Negotiators for Yale and its two largest unions reached their first tentative agreements yesterday on what they called “small issues,” marking the first tangible result of a new method of bargaining.
Bargaining team members from the University and Local 34, which represents about 2,800 clerical and technical workers, agreed tentatively to changes in the language of contract provisions on leaves of absence. They also agreed to convert Local 34 jobs to a weekly payroll when the University has the technological capacity to do so, union leaders said.
Working in a separate room, other University negotiators and members of Local 35, which represents nearly 1,100 dining hall, service and maintenance workers, agreed tentatively to changes in grievance procedures and notification policies for illnesses and injuries.
The agreements, which are considered tentative until final contracts are settled, were reached after the first two days of substantive bargaining using a new process and help from a labor-management consultant.
Union leaders said they chose to address relatively small issues specific to each union so they could get adjusted to the new process before addressing larger, more contentious issues.
“We dealt with small issues to get our feet wet,” Local 34 President Laura Smith said. “It became very clear that the process can work but really does involve a significant commitment on the part of all involved to make this mammoth change.”
Local 35 President Bob Proto said the new process was difficult but worth it.
“It’s a lot of hard work to solve problems as opposed to just agreeing to issues,” Proto said. “We’re moving slowly but moving forward.”
Yale spokeswoman Helaine Klasky declined to comment on specific issues.
“I don’t think it’s appropriate to discuss specifics at this time,” Klasky said. “We are very pleased with the progress that’s being made.”

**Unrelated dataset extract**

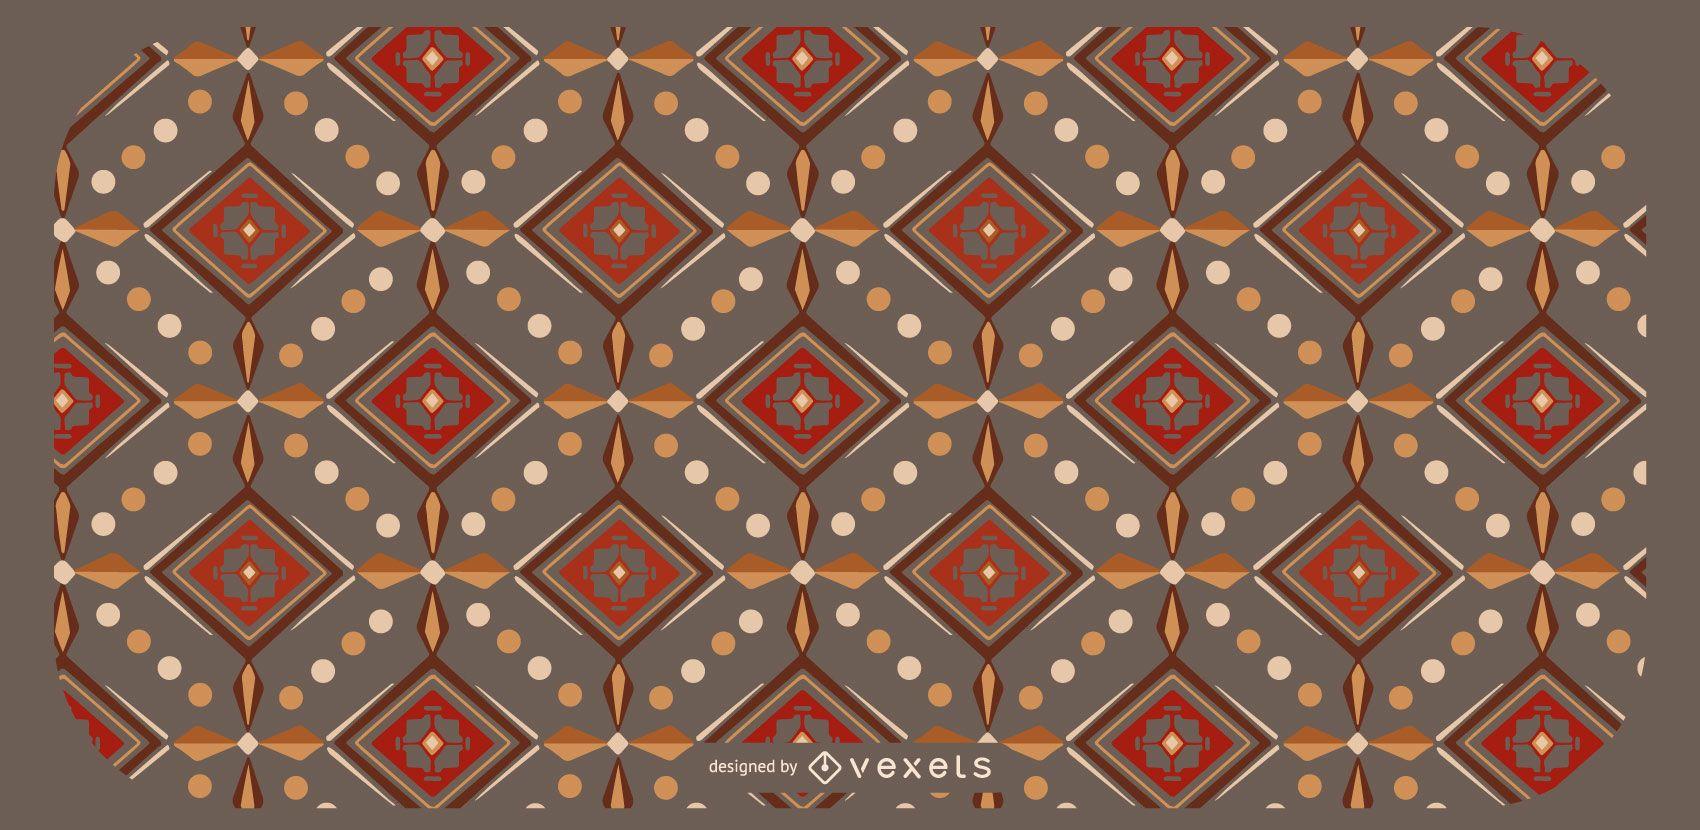 Aztec Geometrical Pattern Design
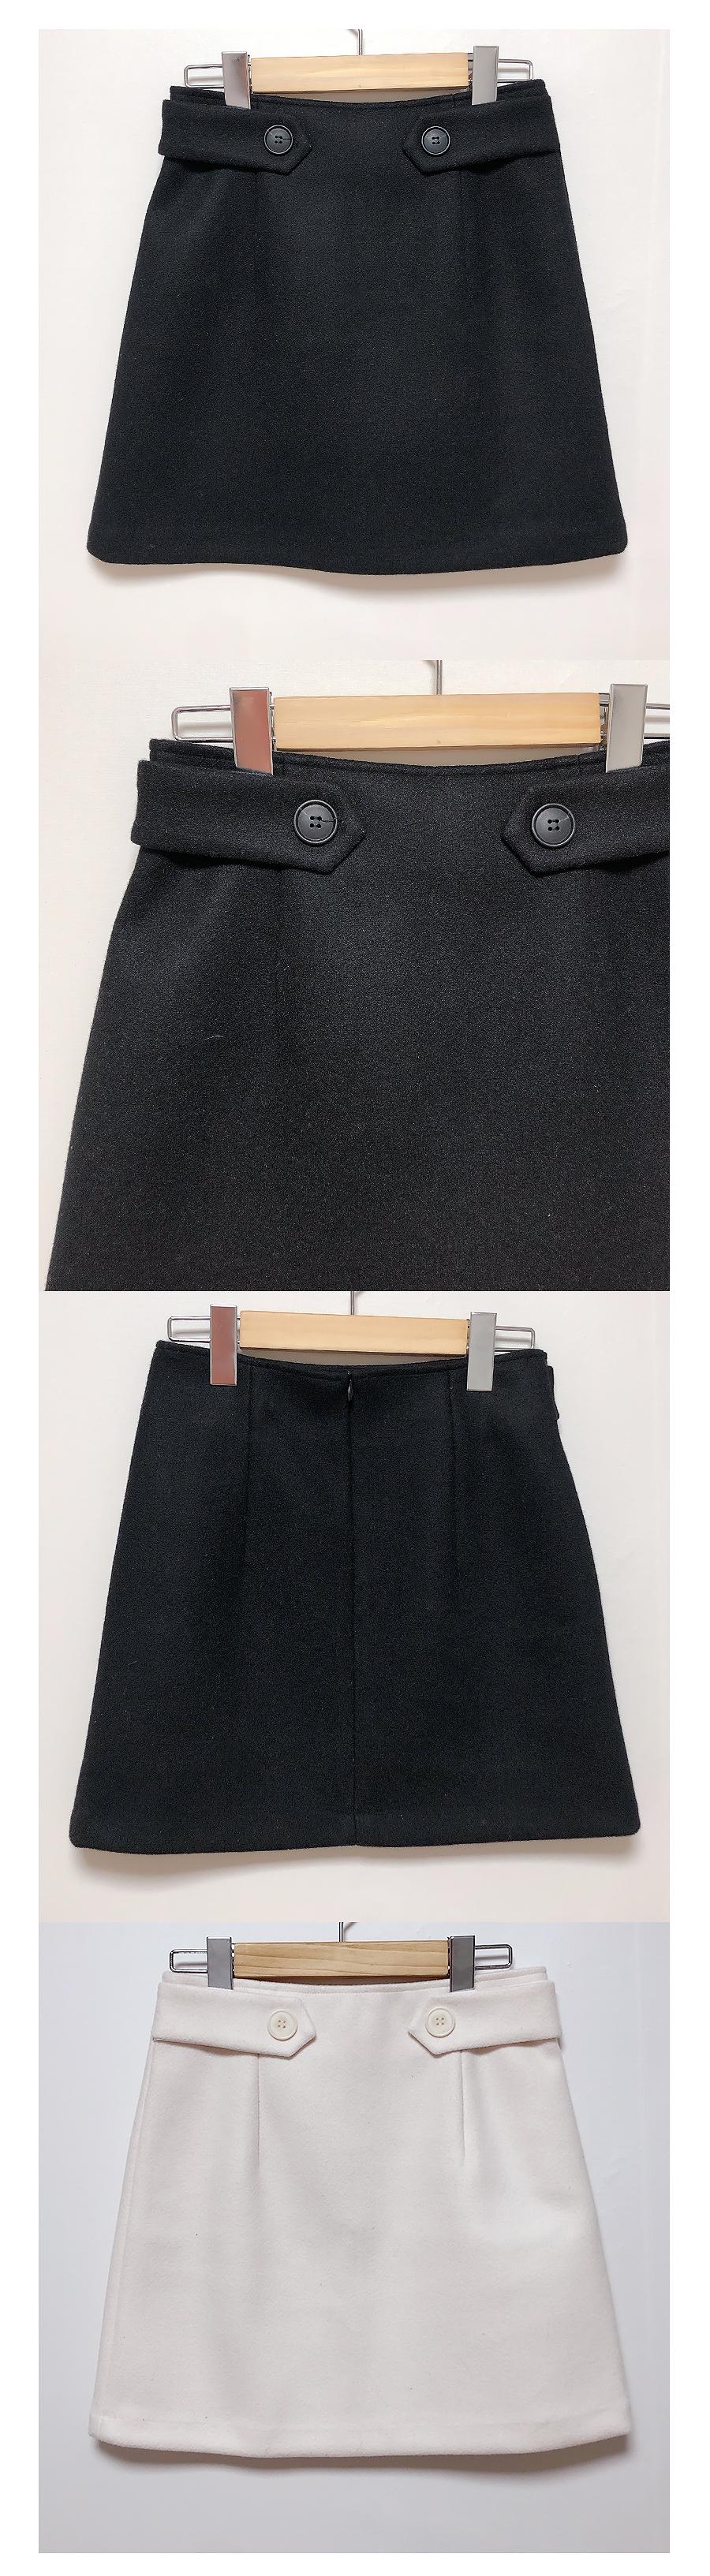 Le A button skirt

The two sides agreed to work with the consultant, John Stepp, in an attempt to improve the historically acrimonious relationship between Yale and its union. After meeting with more than 120 representatives from both sides, Stepp suggested the two sides seek a new method for negotiations, which have typically involved tensions and strikes. Leaders from both sides agreed to use the method Stepp suggested, called interest-based bargaining.
Unlike the traditional process, in which both sides come to negotiations with a list of pre-formulated proposals for the other to accept or reject, interest-based bargaining requires both sides to forego finalized proposals and instead enter negotiations with general interests they would like to see met in the negotiations. Both sides are then to work together to find mutually acceptable ways to address the issues.
Smith said the tentative agreements for Local 34 involve a language change for the leave of absence provision that makes it more in line with the federal Family and Medical Leave Act. She added that the payroll change would likely occur “a bit off in the distance.”
Union spokeswoman Deborah Chernoff said the grievance changes were geared toward making grievance procedures more effective and efficient.